**Exercise requirements:** When you write out the listing, keep every word as it stands and drop the pictures.

**Collected data:**
* * *

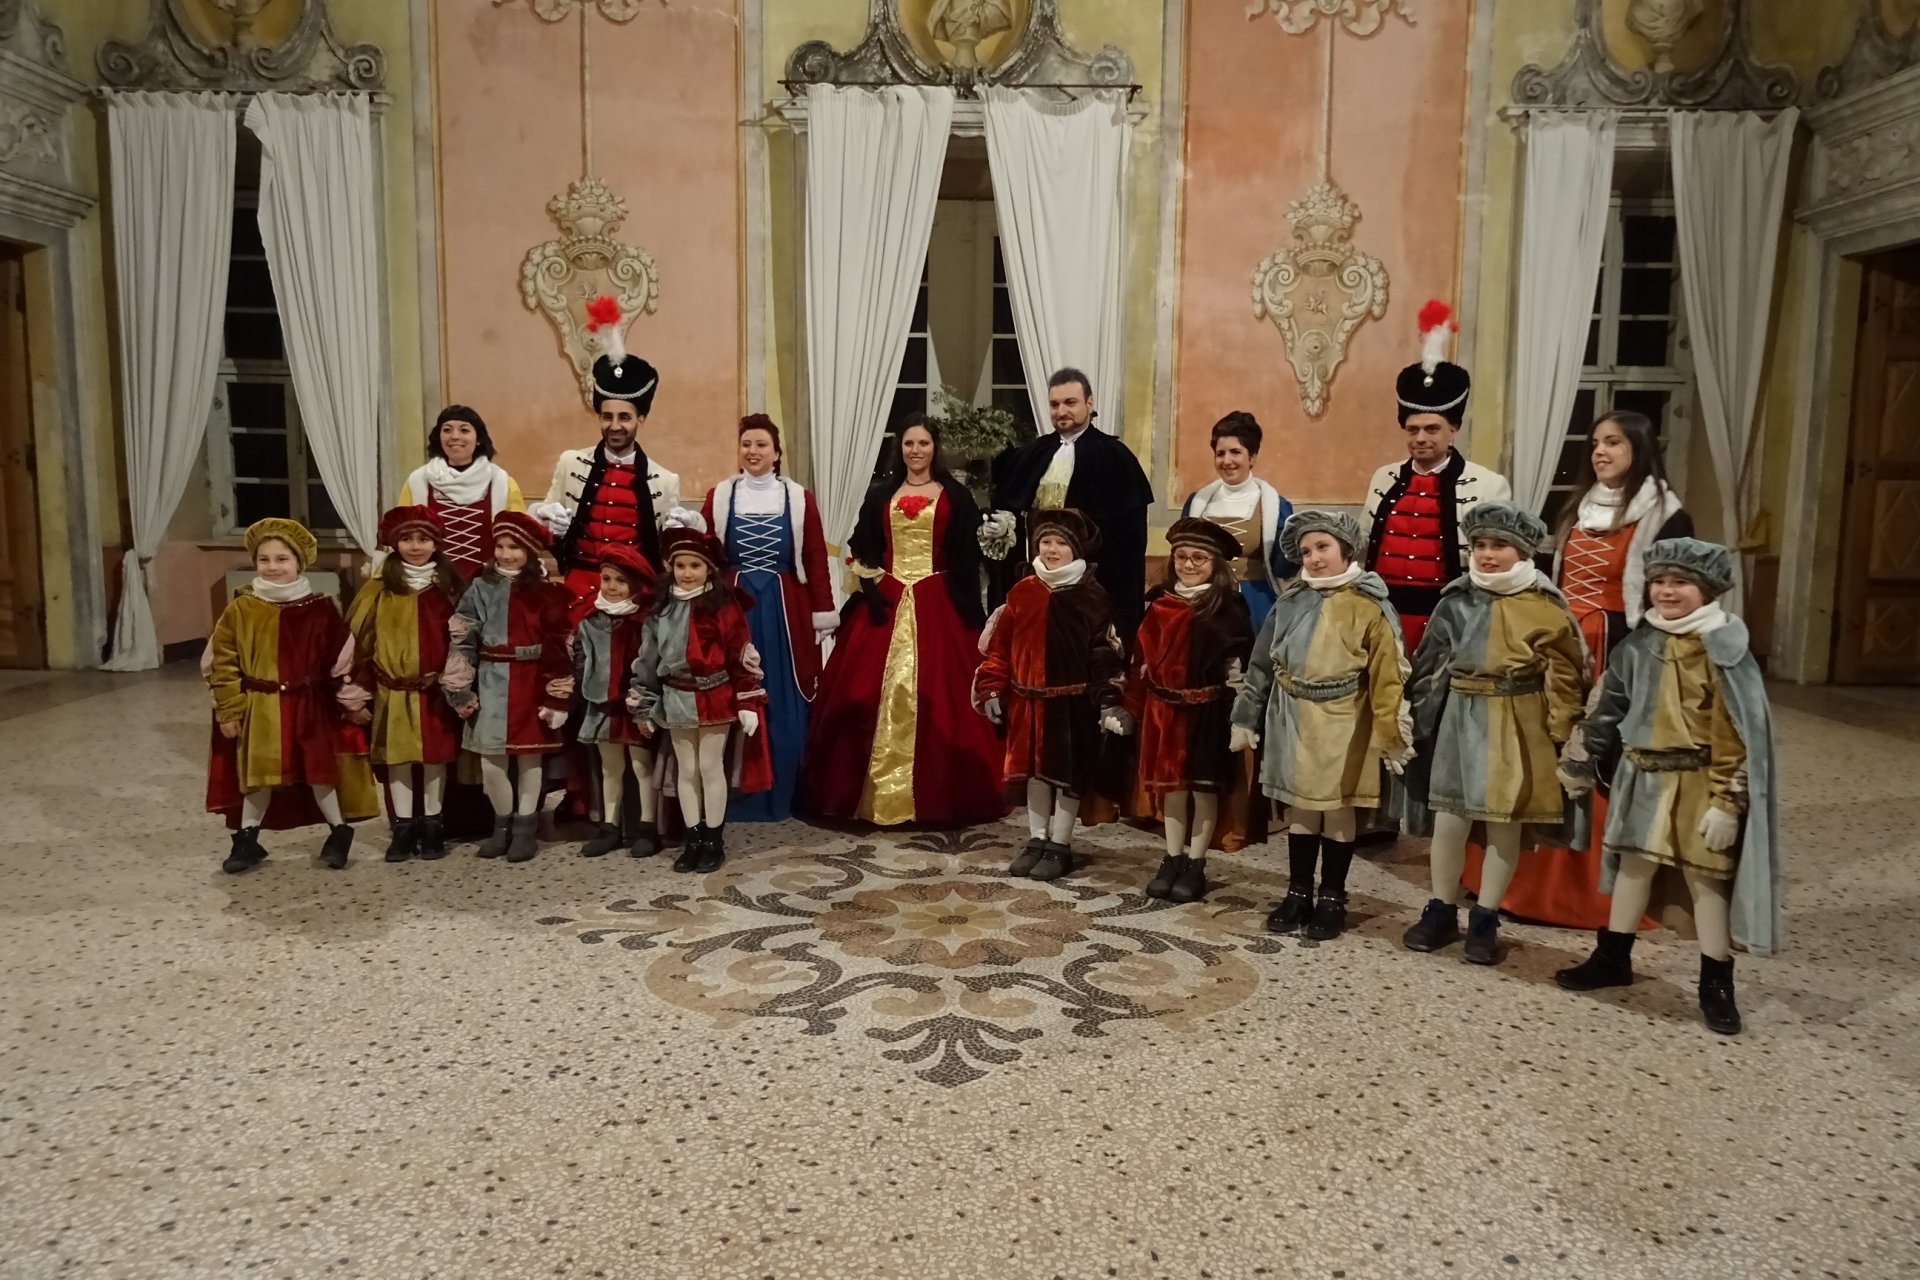 Carnevale S.Giorgio 2019, la corte
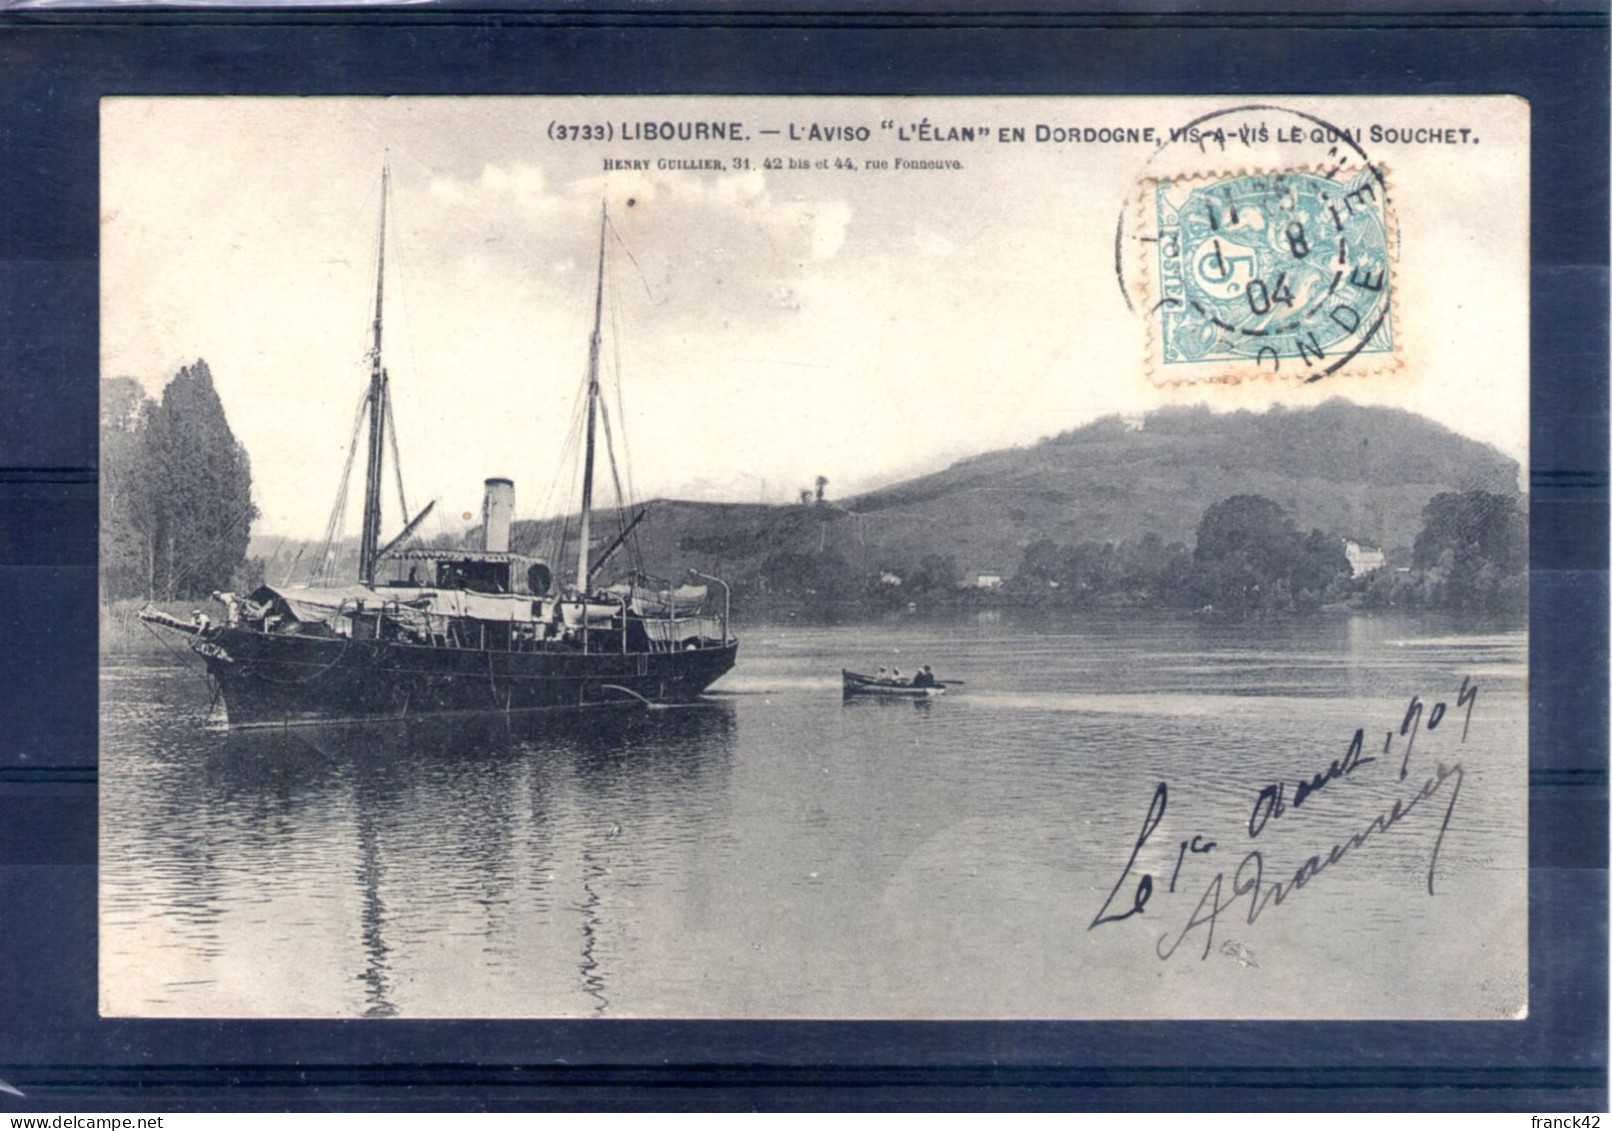 33. Libourne. L'aviso "l'élan" En Dordogne, Vis à Vis Du Quai Souchet - Libourne
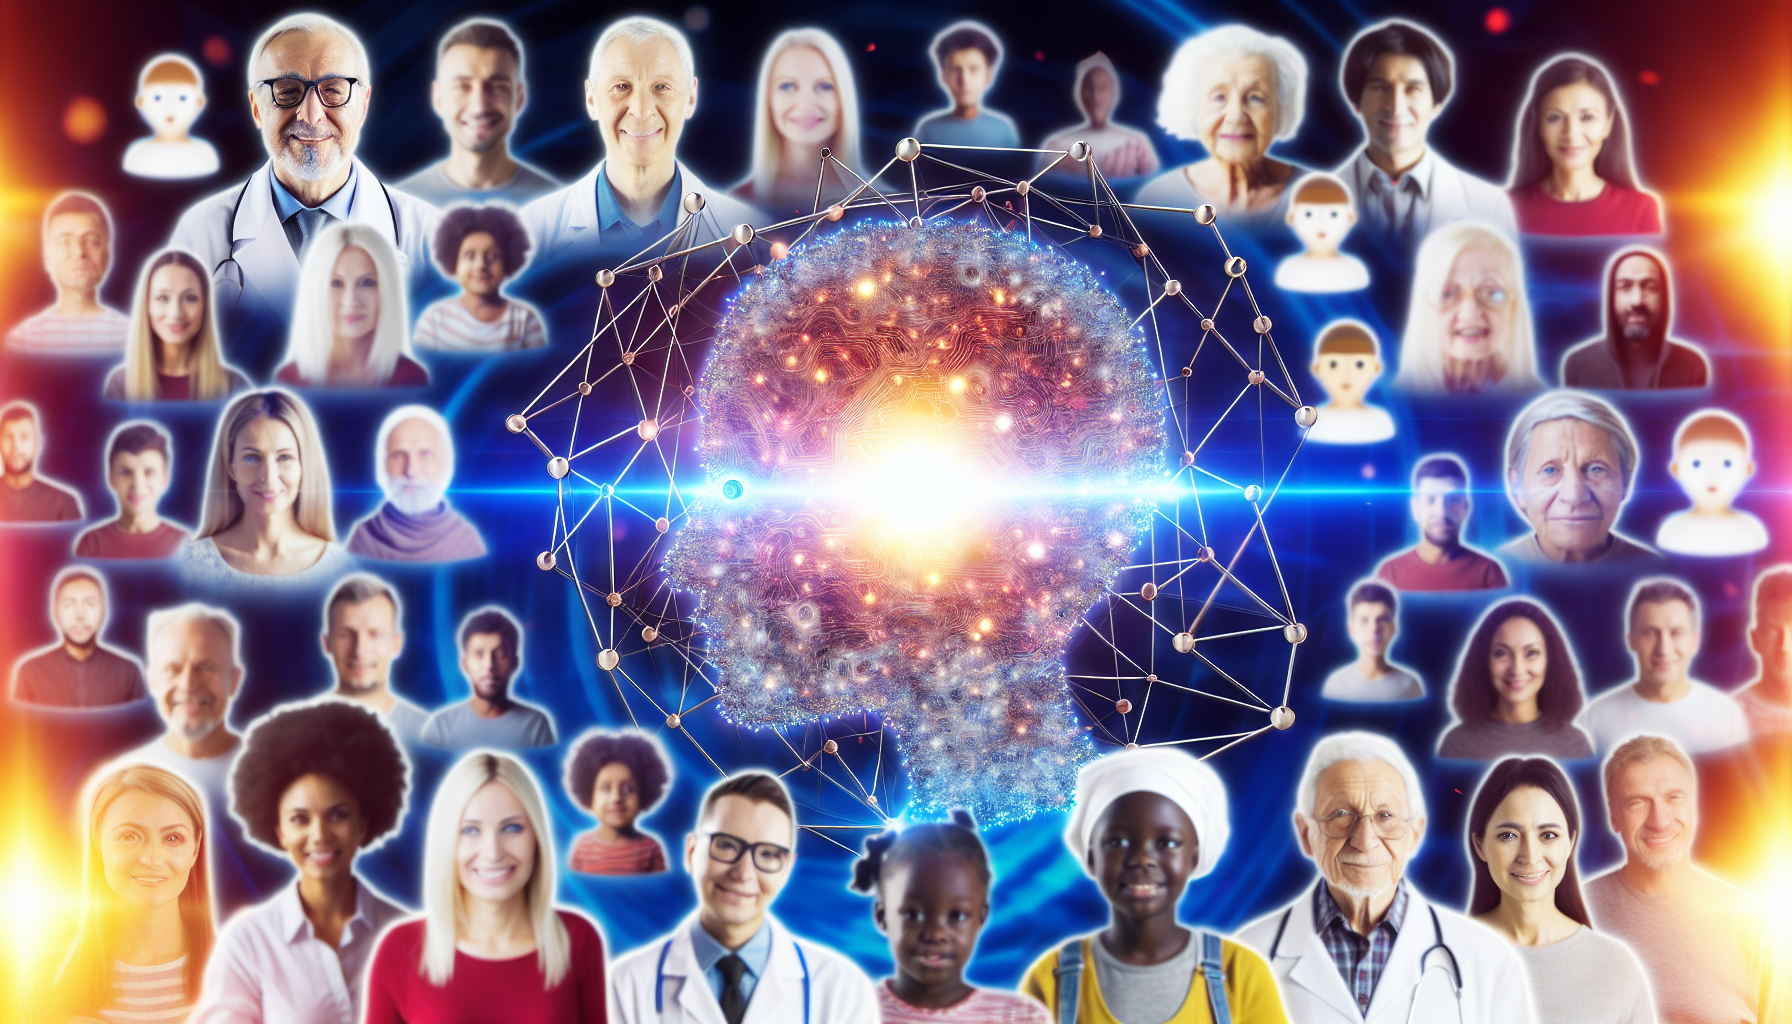 Maschinen als Meinungsführer: Künstliche Intelligenz im Zentrum der Macht
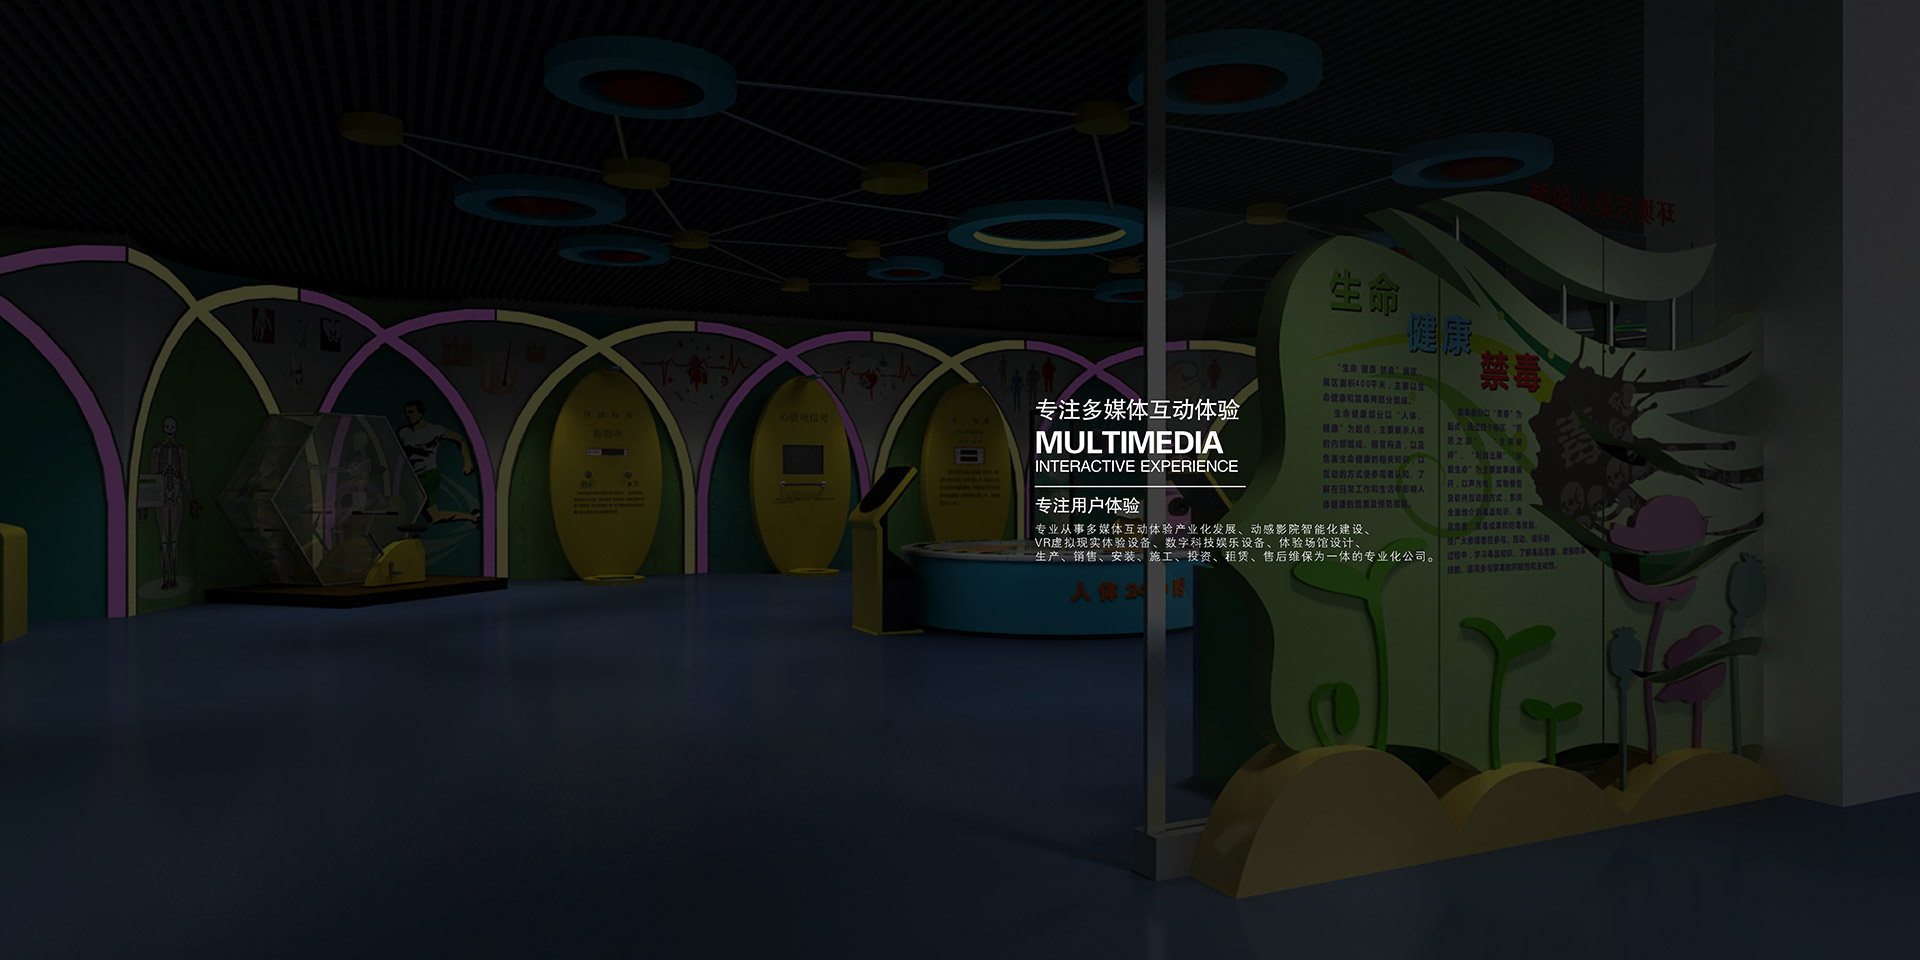 梨树虚拟篮球体验,梨树XD超强虚拟现实,梨树大型互动墙,梨树虚实结合3D造景,梨树电影院类4D动感座椅,

* * *

**The answer:**
 Carnevale S.Giorgio 2019, la corte
 33. Libourne. L'aviso "l'élan" En Dordogne, Vis à Vis Du Quai Souchet - Libourne
 Maschinen als Meinungsführer: Künstliche Intelligenz im Zentrum der Macht
 梨树虚拟篮球体验,梨树XD超强虚拟现实,梨树大型互动墙,梨树虚实结合3D造景,梨树电影院类4D动感座椅,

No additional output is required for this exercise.